• **What to do**: Write out the entire listing below exactly as it appears, minus any pictures.

• **Collected material**:
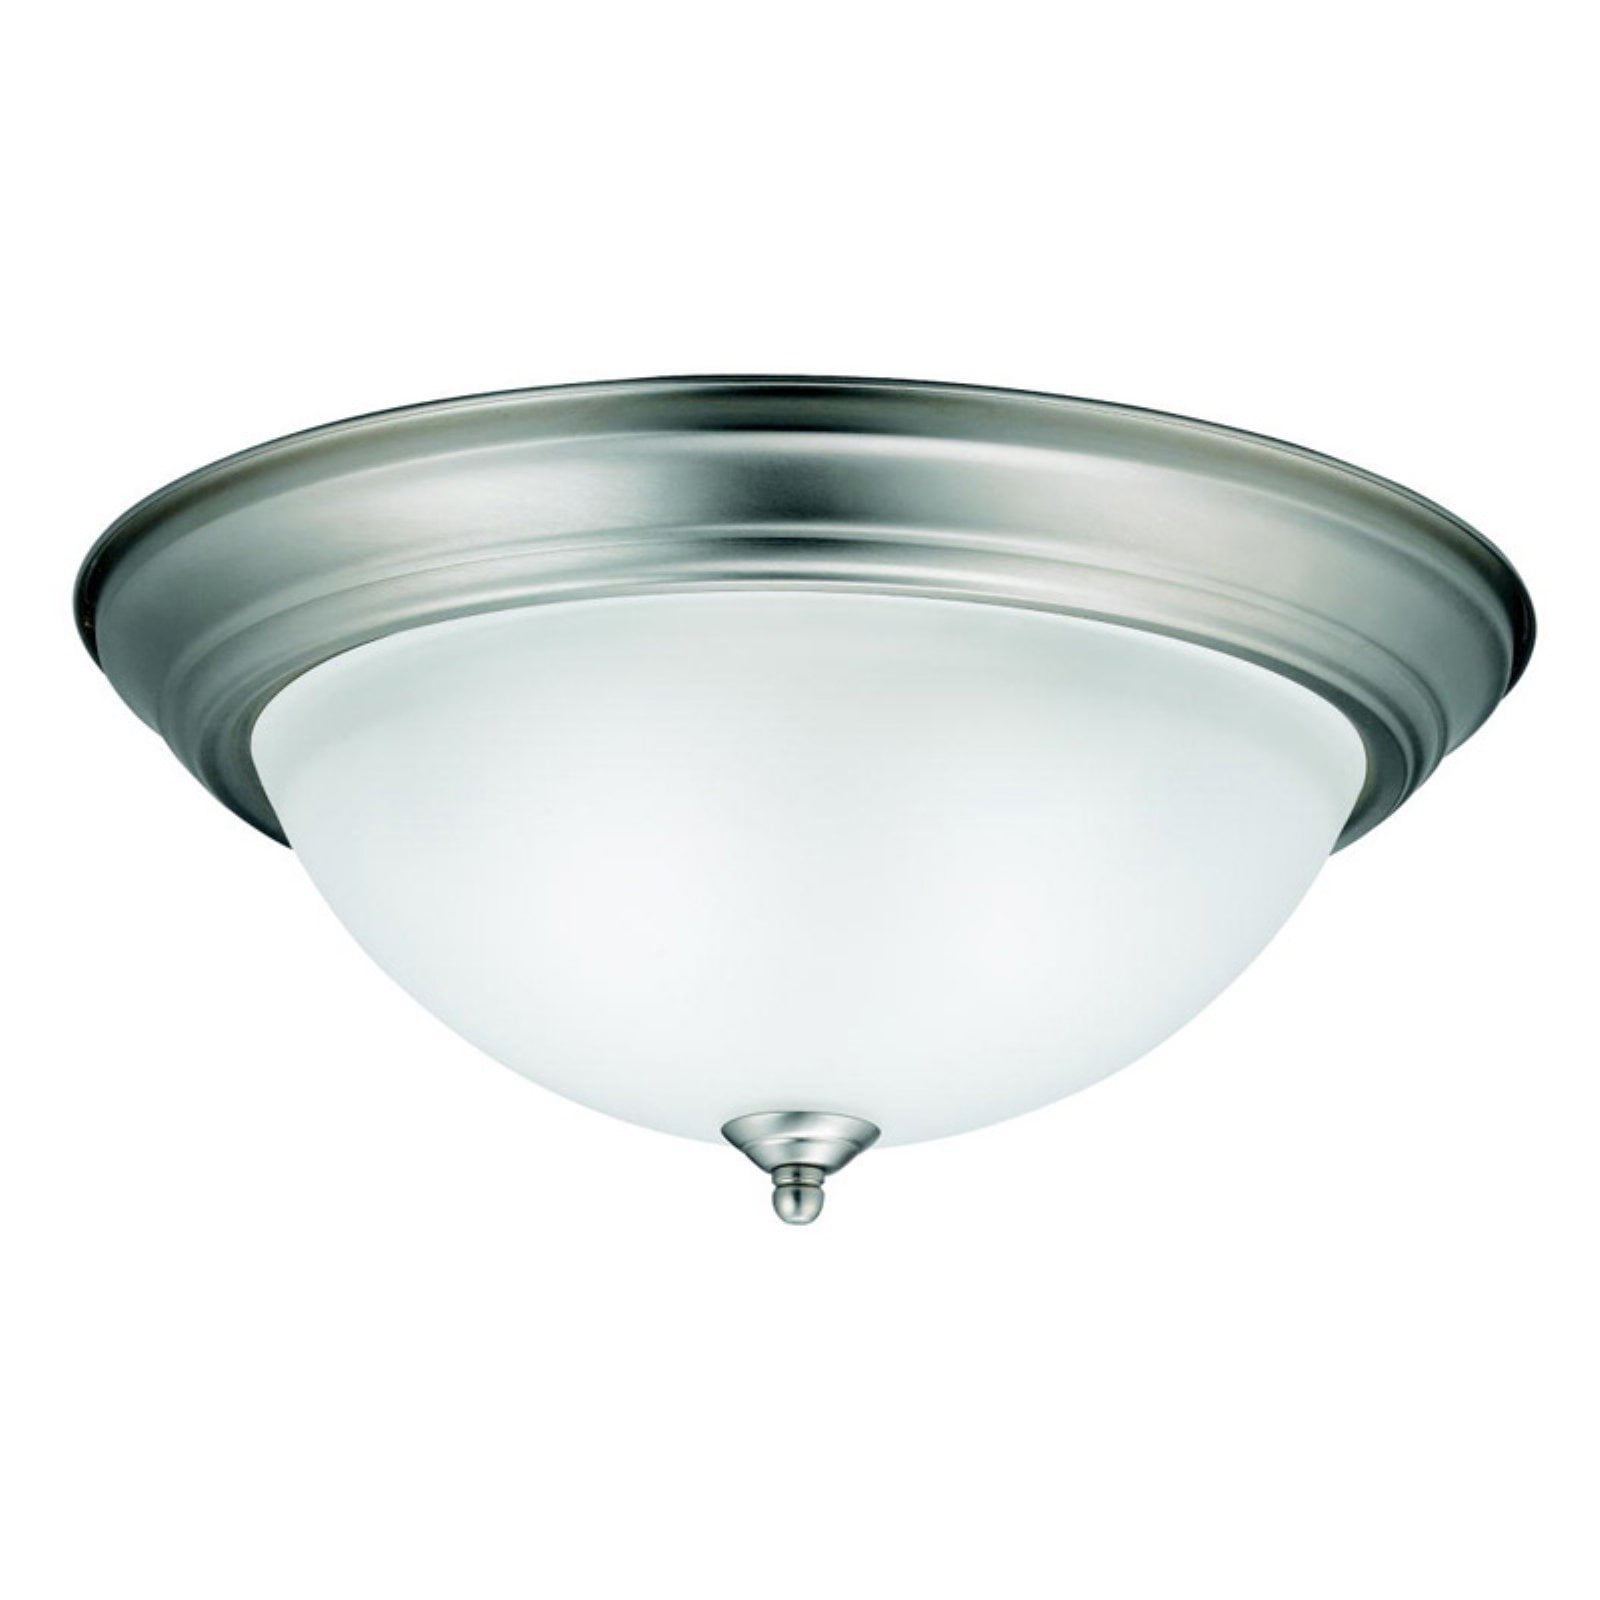 Kichler 8110 Bronze 3-Light 16"W Flush Mount Ceiling Fixture 
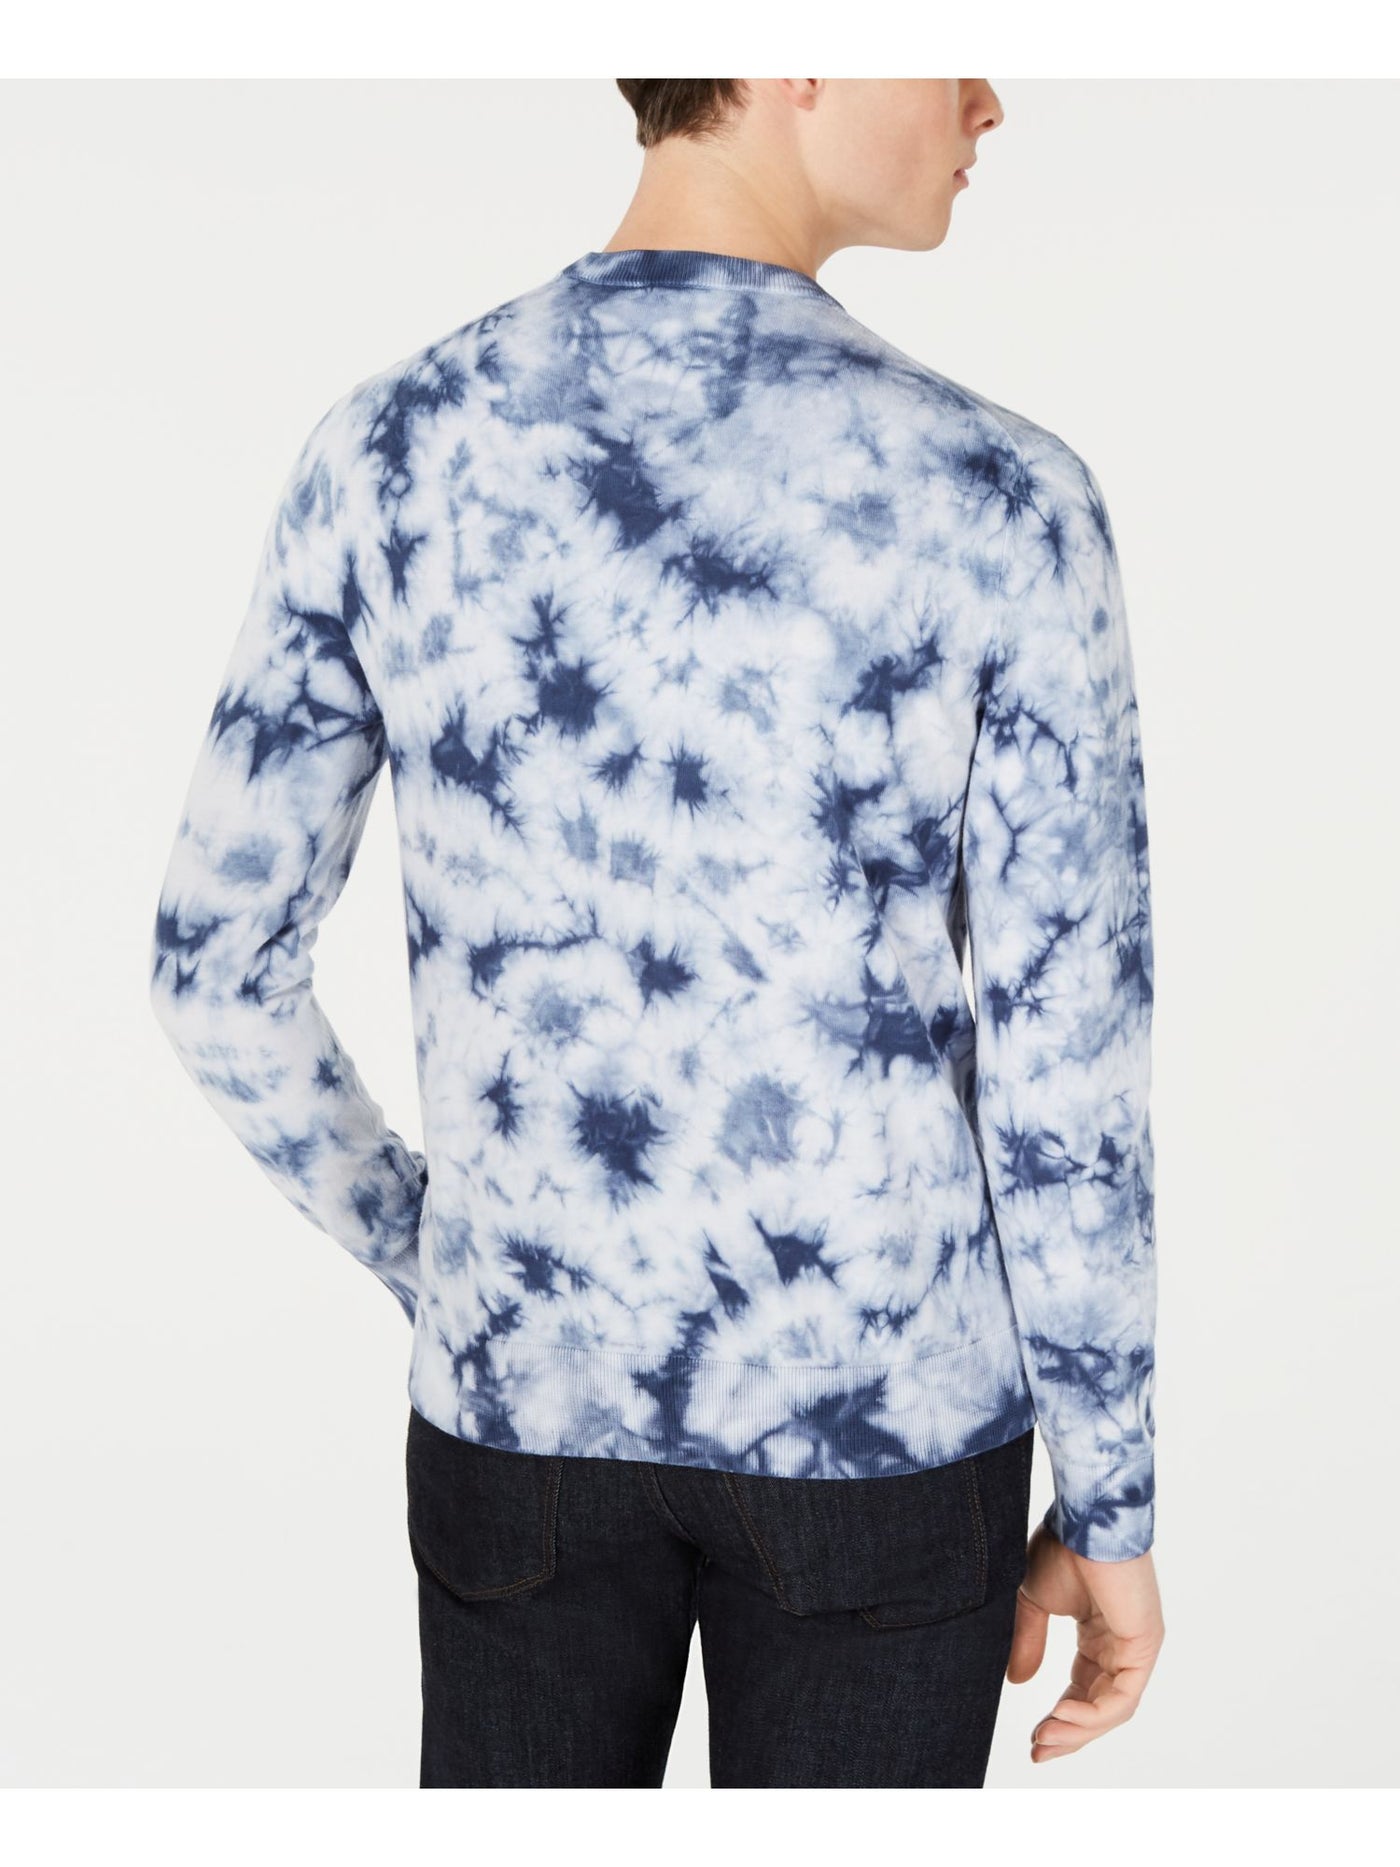 MICHAEL KORS Mens Light Blue Tie Dye Short Sleeve Crew Neck Pullover Sweater XL
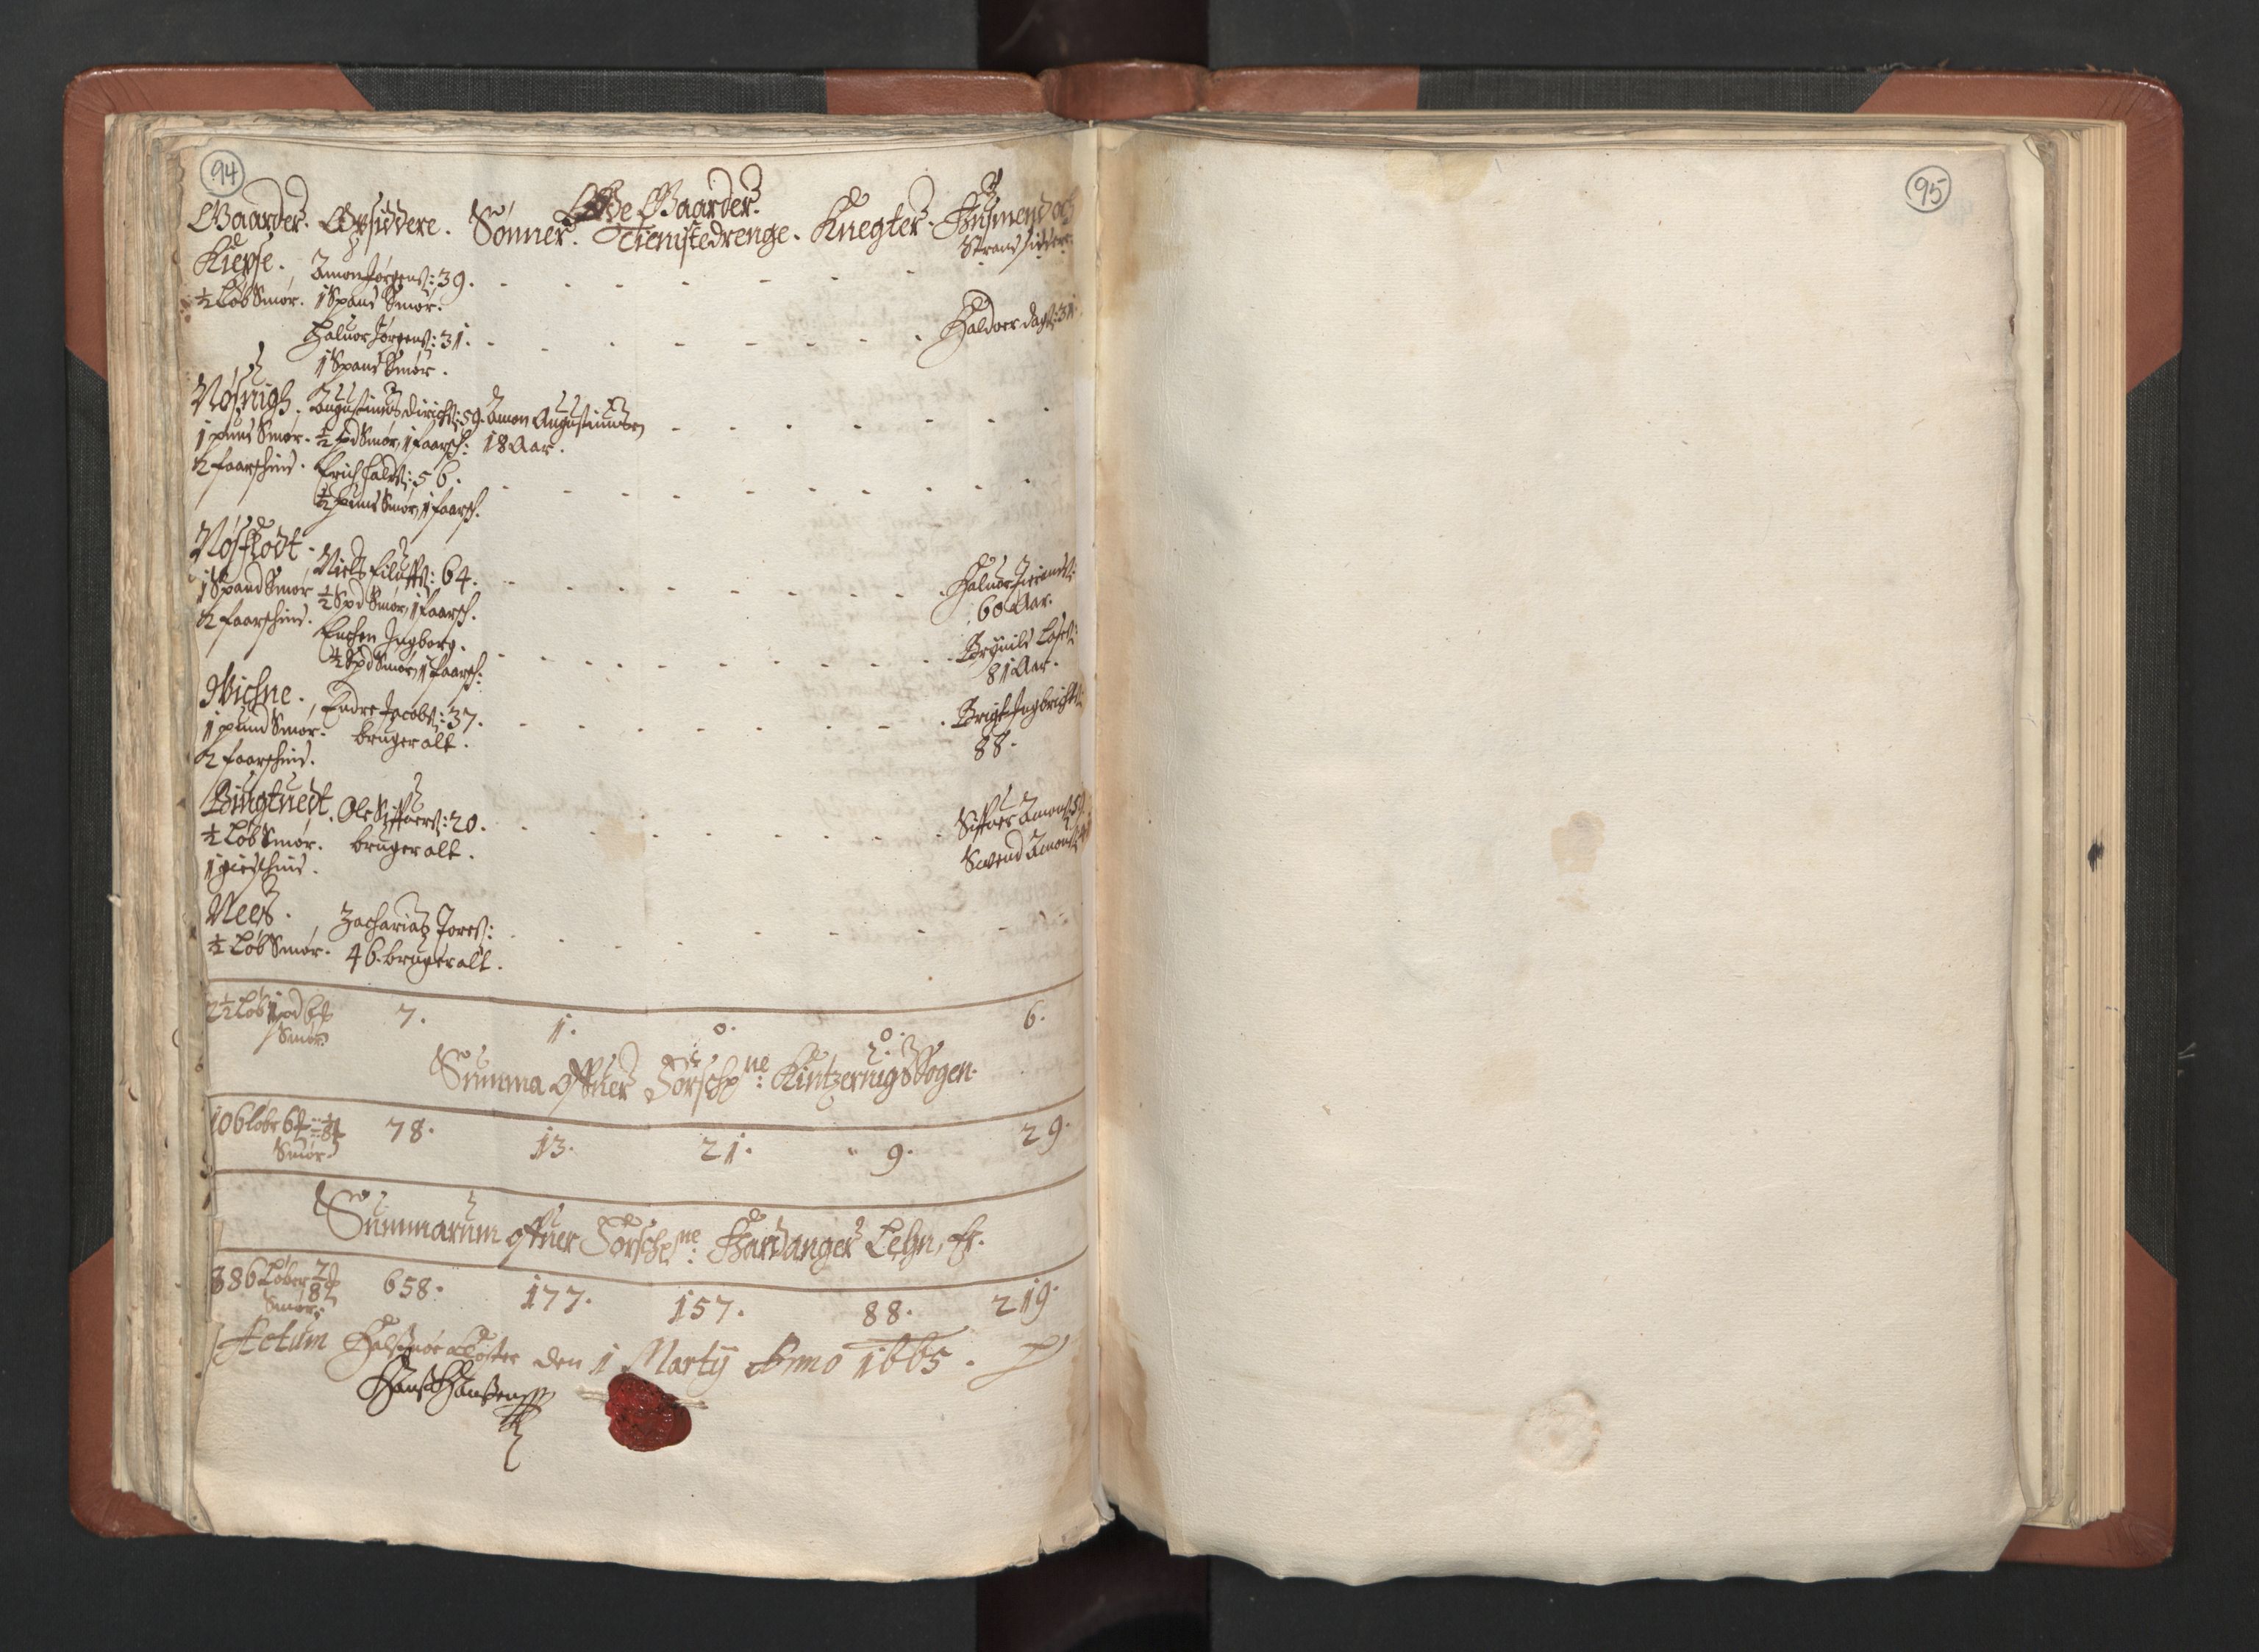 RA, Fogdenes og sorenskrivernes manntall 1664-1666, nr. 14: Hardanger len, Ytre Sogn fogderi og Indre Sogn fogderi, 1664-1665, s. 94-95

• **Expected output**:
 Kichler 8110 Bronze 3-Light 16"W Flush Mount Ceiling Fixture 
 MICHAEL KORS Mens Light Blue Tie Dye Short Sleeve Crew Neck Pullover Sweater XL
 RA, Fogdenes og sorenskrivernes manntall 1664-1666, nr. 14: Hardanger len, Ytre Sogn fogderi og Indre Sogn fogderi, 1664-1665, s. 94-95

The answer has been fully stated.